How do they hold up against water??
_Posted via Mobile Device_


----------



## smrobs (Jul 30, 2008)

Well, I haven't had mine get really wet yet other than washing it after the fire. I just made sure that I oiled it well afterward and I had no problems.


----------



## Nokota (Jan 6, 2011)

I've ridden it in the rain a few times. No bad effects on the leather. Seems to be holding up fine. Not positive, but isn't roughout the same leather as other saddles just put the "rough" side out and the smooth side in???


----------



## smrobs (Jul 30, 2008)

^^ Yep, sure is. One of the reasons why roughout is cheaper, usually. They don't have to have quite the same quality of finish on the slick side of it as they do on a slickout saddle.


----------



## Poseidon (Oct 1, 2010)

I just sold my kid's saddle that I used on Abby 3 times. It's a barrel saddle and is all roughed out. My butt did not move when she bucked me a few times (her hip was out) last fall. My new saddle has roughout jockeys, but not the seat. I wish the seat was too.


----------



## iridehorses (Oct 22, 2007)

I've owned several roughout saddles over the years and loved each one of them. One thing to keep in mind is that when they are new, they may have a tendency of rubbing the inside of your knees raw on a long ride until they either break in or you break them in manually. 

Two years ago made the mistake of taking a brand new roughout out of the box, saddling up my horse and going on a 4 hour trail ride. I needed large band aids on the inside of my knees for a week after that. I deserved it since I knew better.

I love the look of a roughout that is broken in (like smrobs). It has character and the look of a rider who uses their tack, not just look at it.

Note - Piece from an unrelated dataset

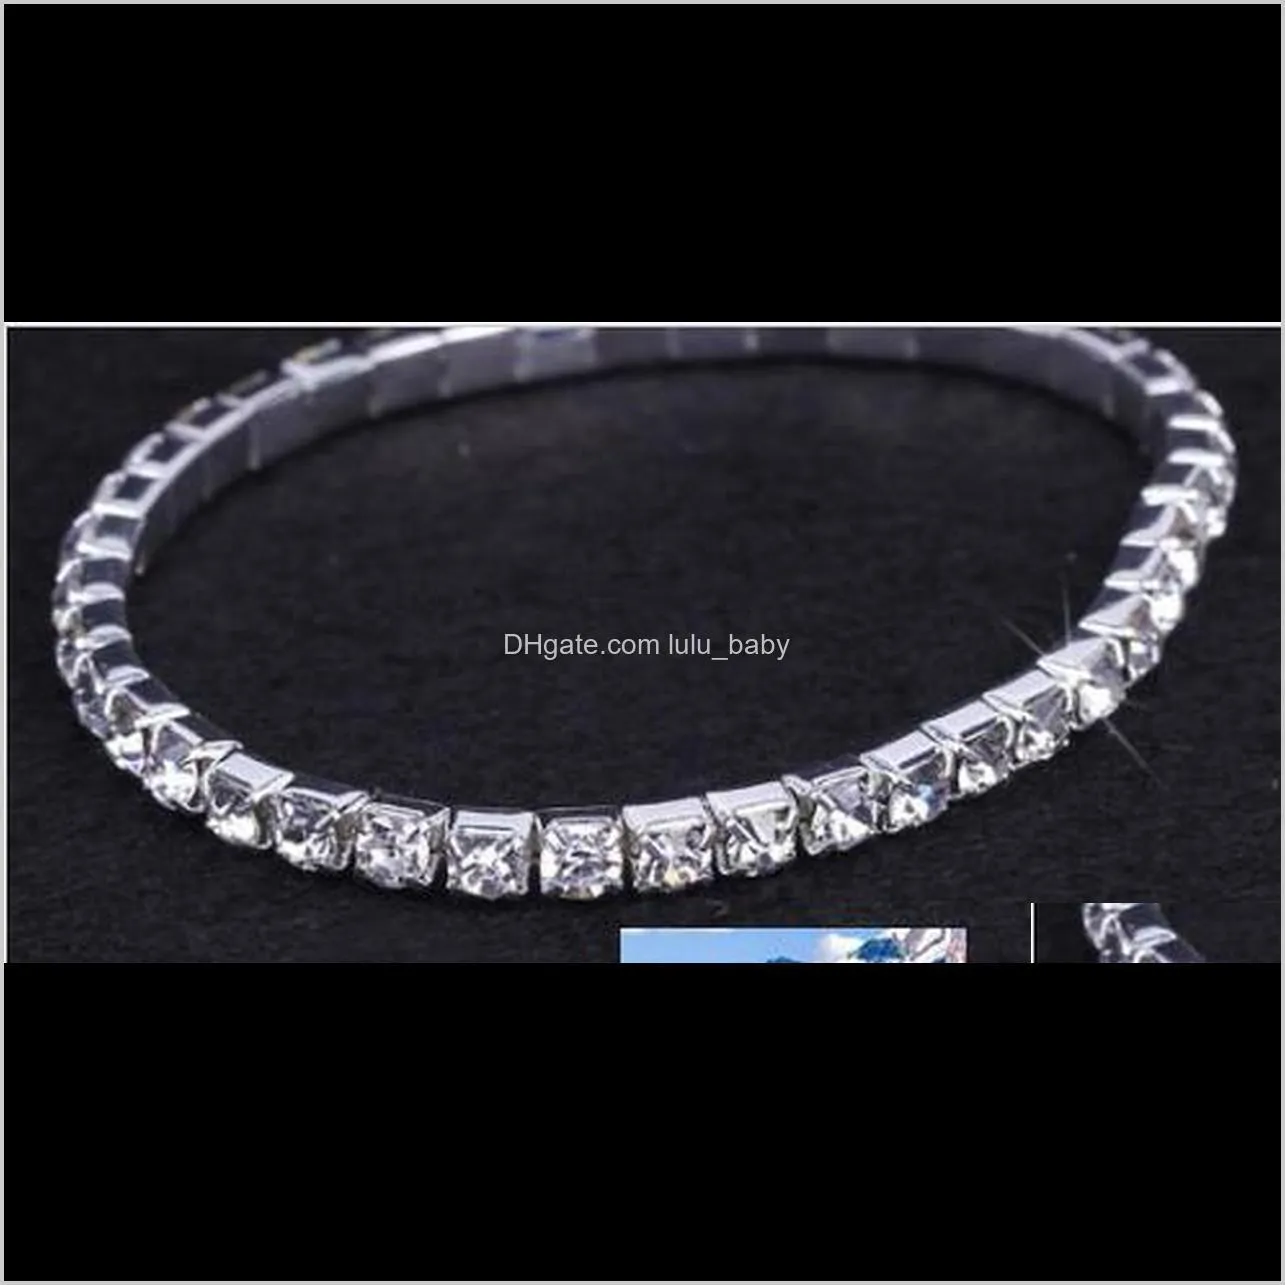 1 row shiny rhinestone elastic lady bangle stretch crystal bangle bracelet fit party prom wedding engagement bridal jewelry gift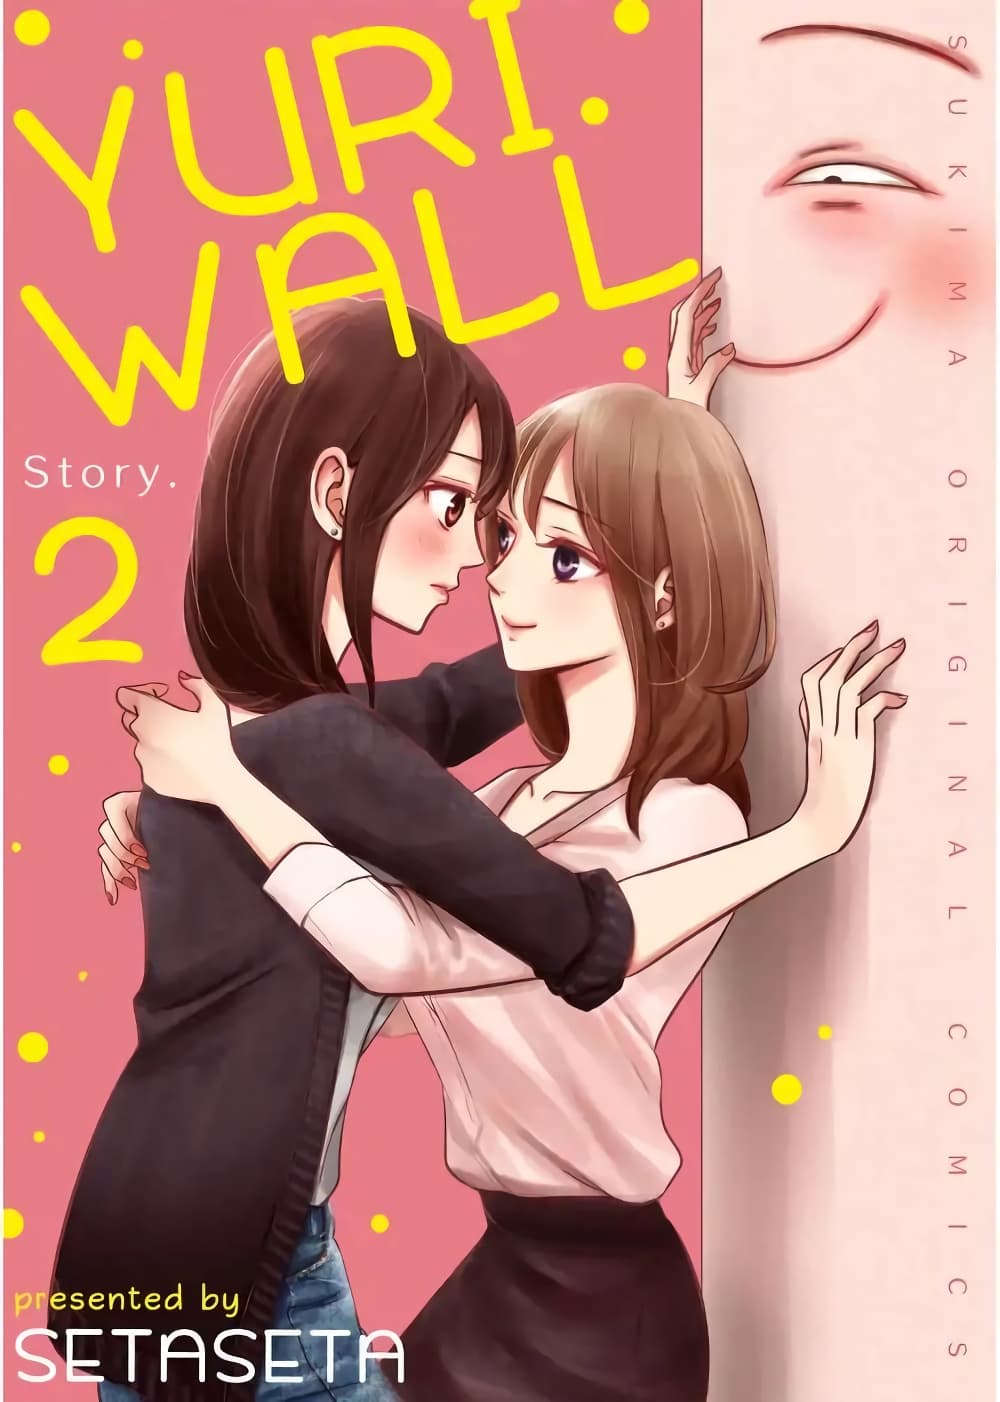 Yuri Wall 2 (1)

btw, since it is not suede, water isn't going to hurt it anymore then it does a smooth saddle.


----------



## Team Penner (Nov 14, 2009)

I have a Billy Cook cowhorse saddle and a Teskey cutter, both are roughouts. The roughout keeps me in the saddle when chasing a cow down the fence or in the cutting pen. I do not use these saddles for trail riding, I prefer a smoothout with a padded seat on the trails, and my roughouts in the show pen.


----------